**Exercise**
Without the images, repeat every line of the listing exactly.

**Dataset section**
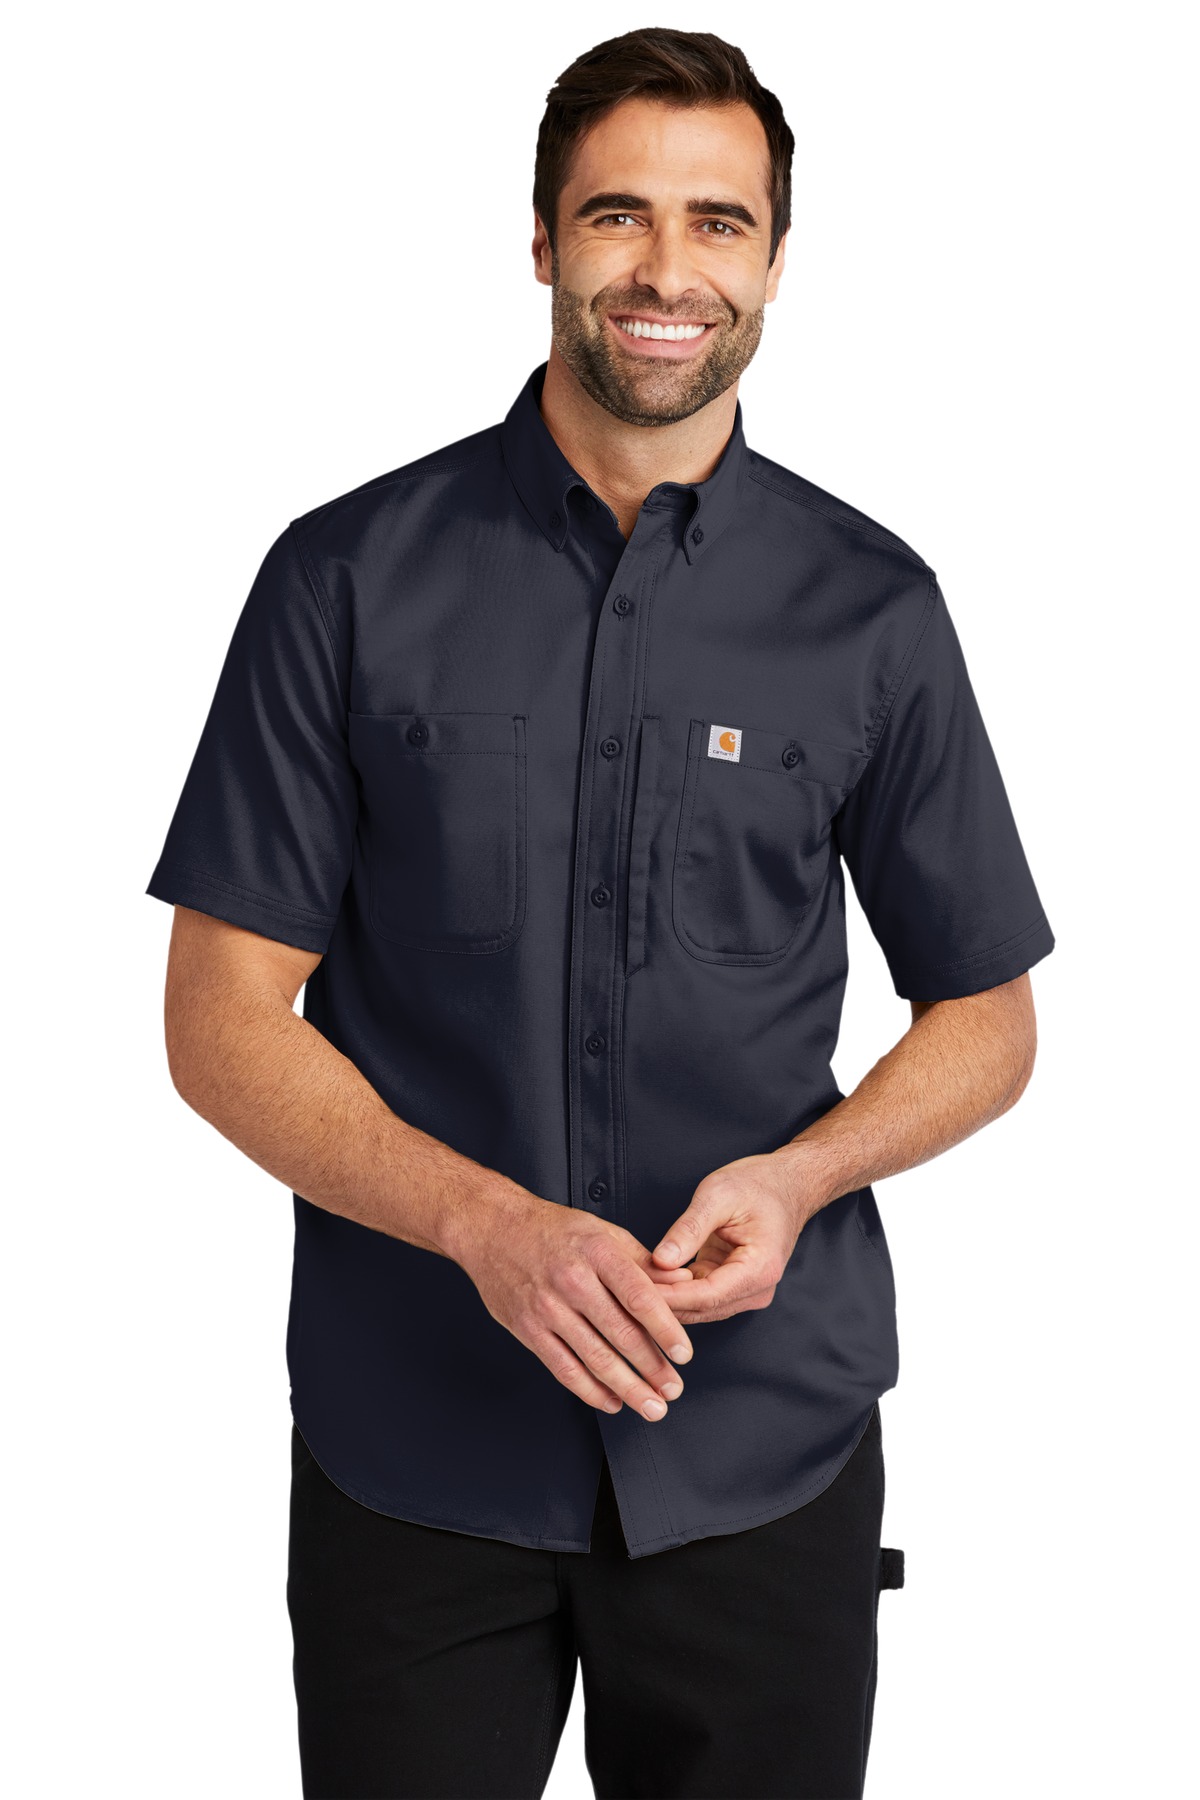 Carhartt Rugged ProfessionalSeries Short Sleeve Shirt CT102537
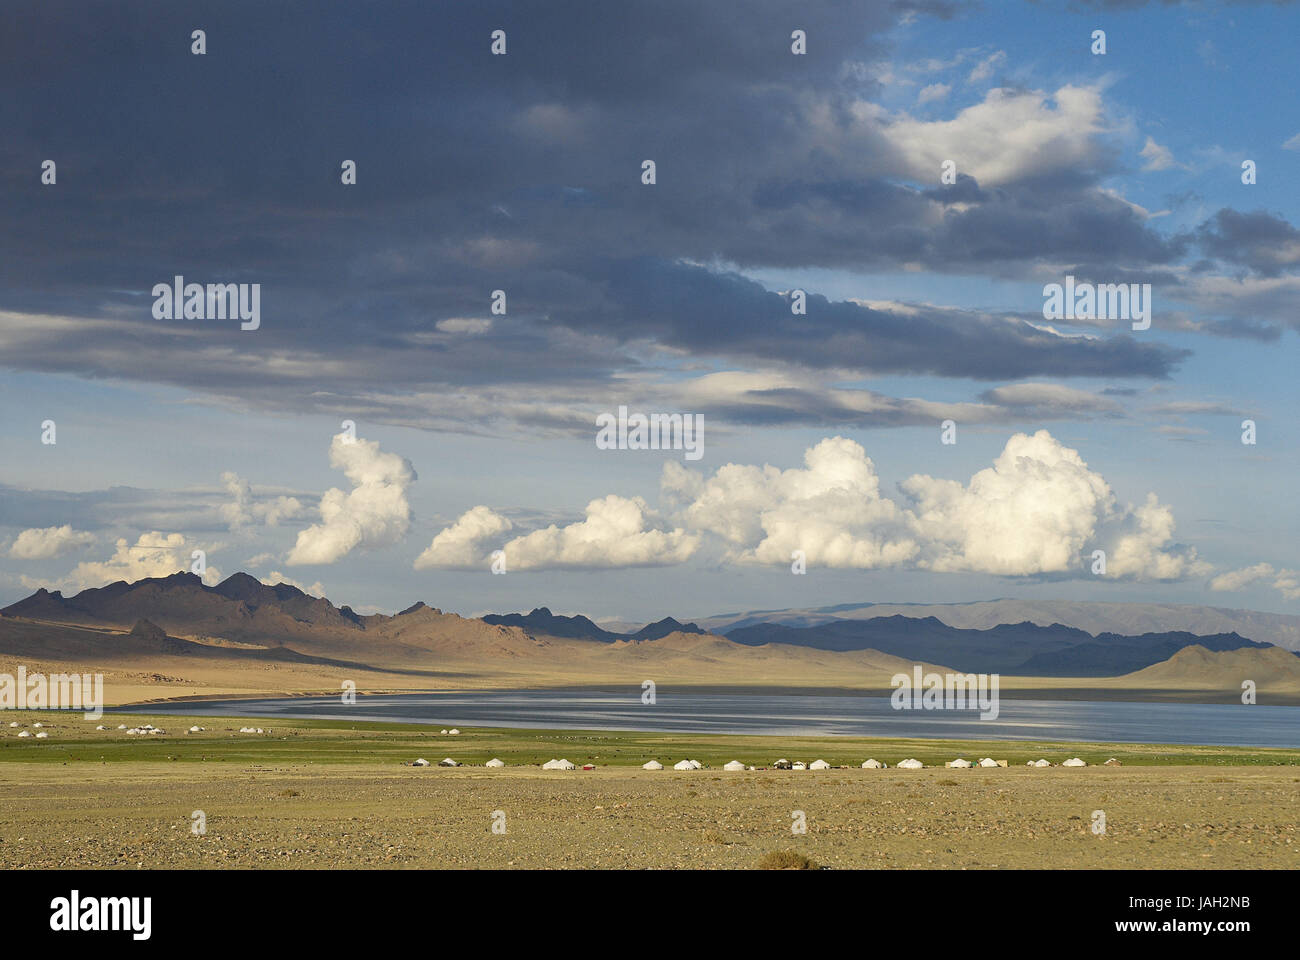 La Mongolie, province de l'ouest extrême,Bayan Olgii province,parc national Tsambagarav,Kasachen,nomad,support,Jurten, Banque D'Images
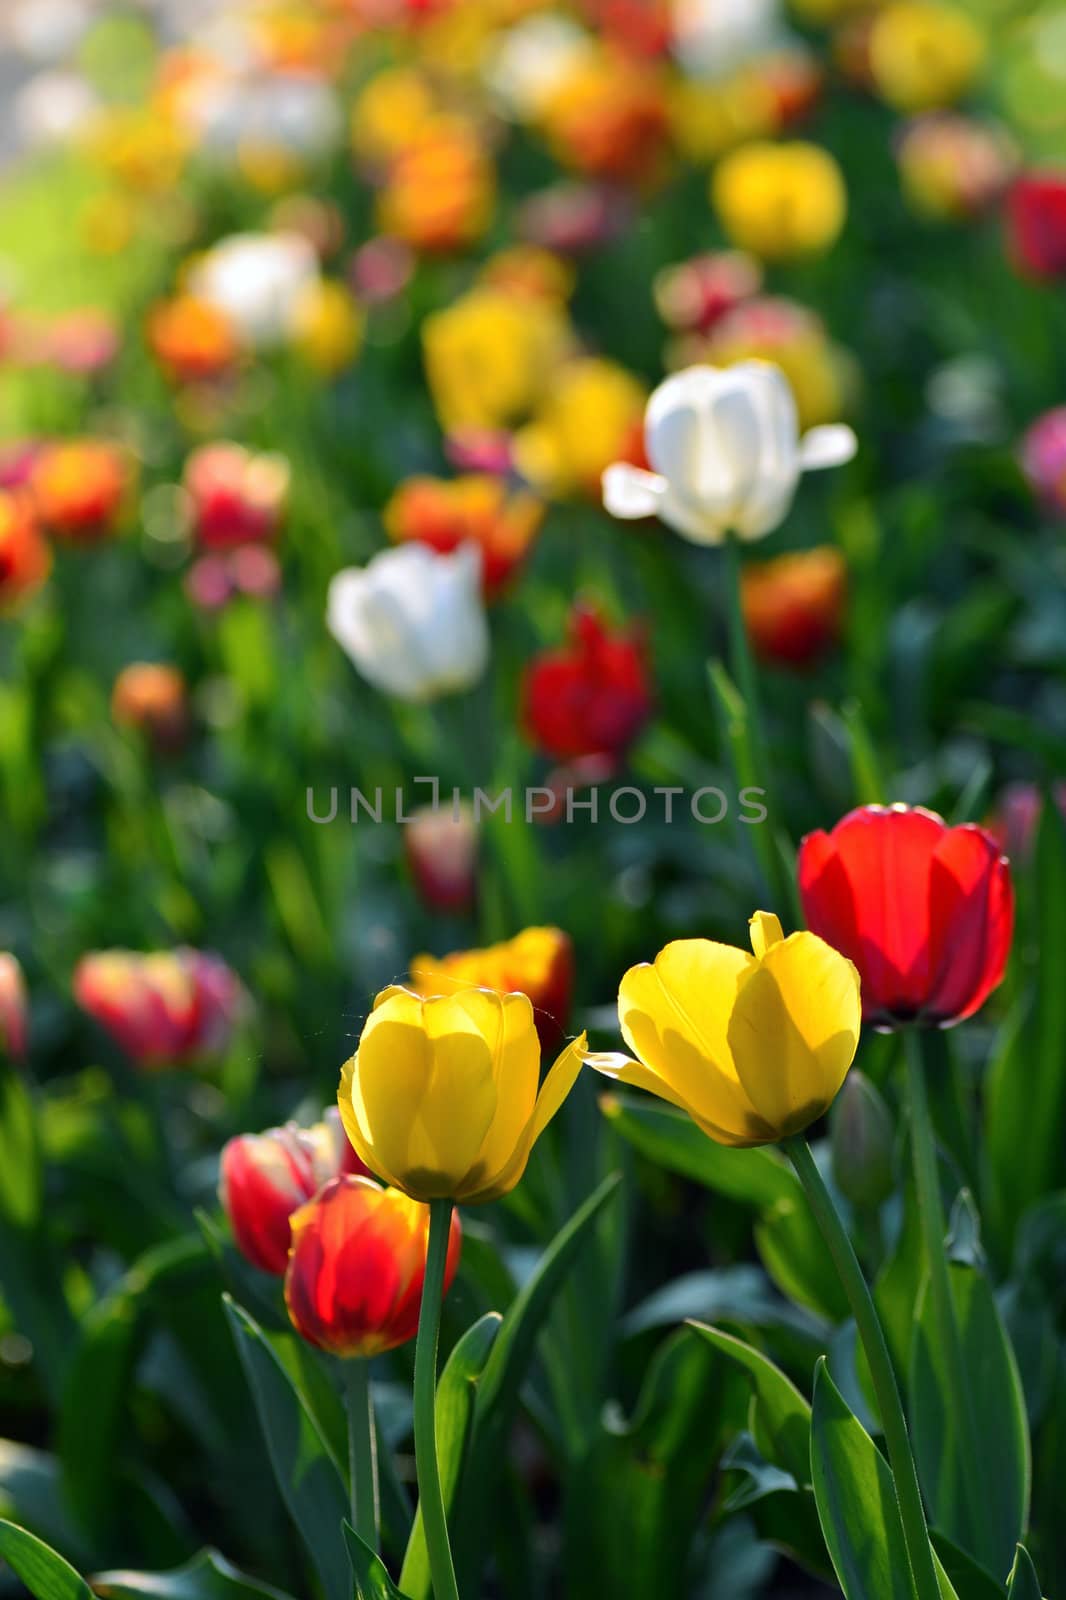 Tulips by Vectorex
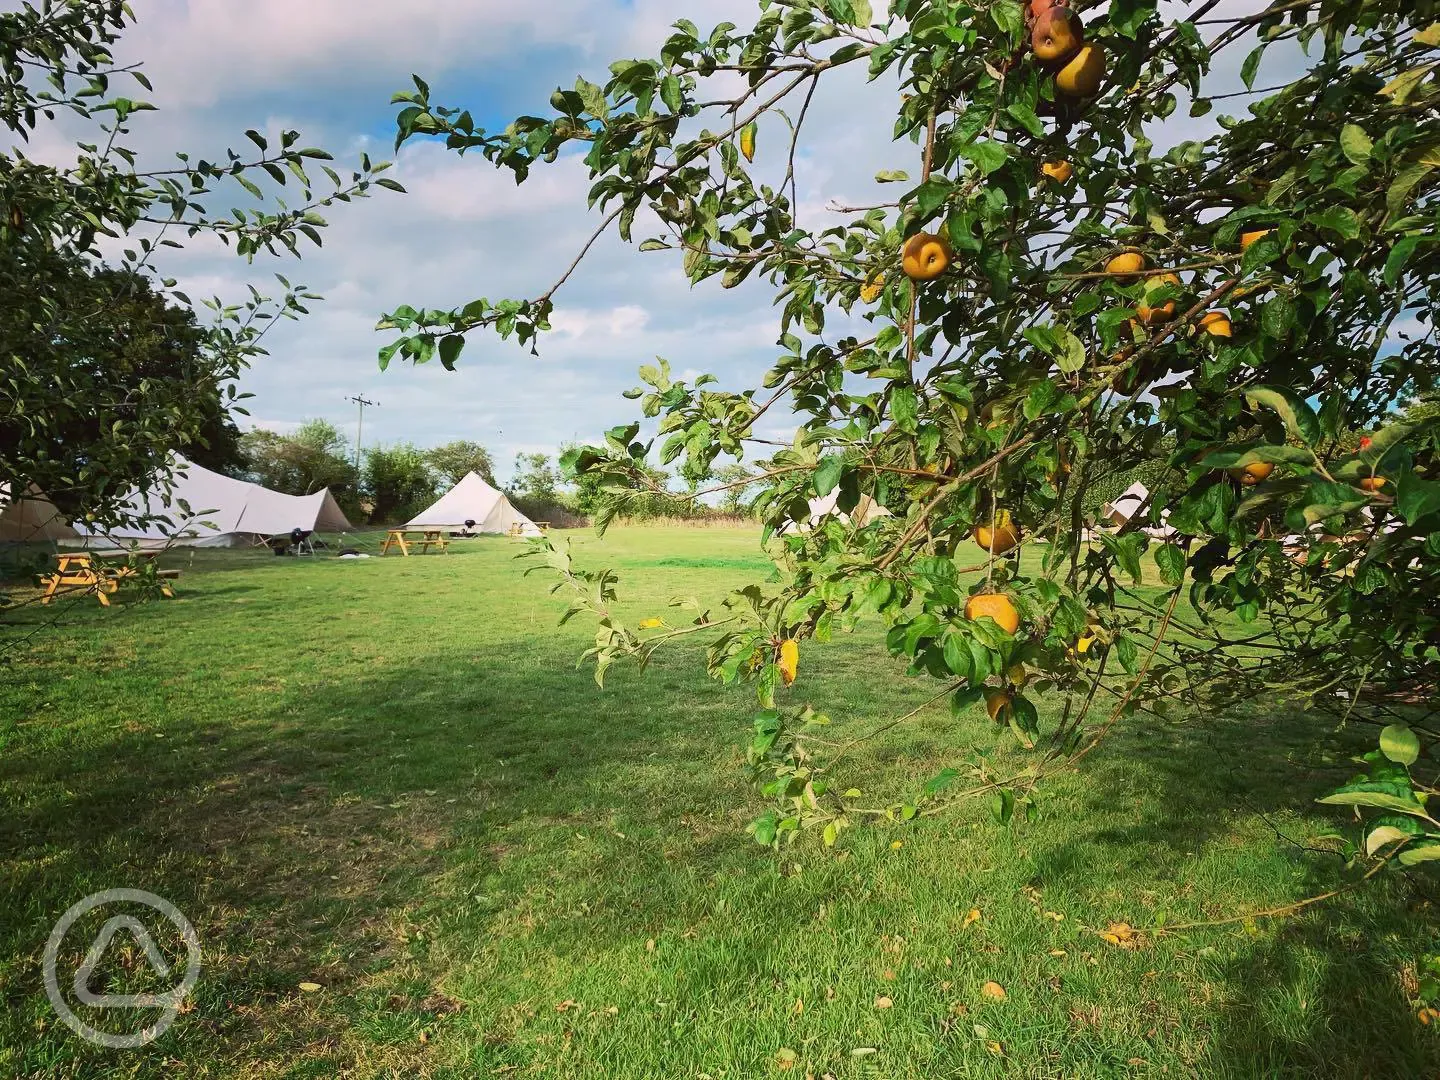 Bell tent through apple trees

**Response for this exercise**
 Carhartt Rugged ProfessionalSeries Short Sleeve Shirt CT102537
 La Mongolie, province de l'ouest extrême,Bayan Olgii province,parc national Tsambagarav,Kasachen,nomad,support,Jurten, Banque D'Images
 Tulips by Vectorex
 Bell tent through apple trees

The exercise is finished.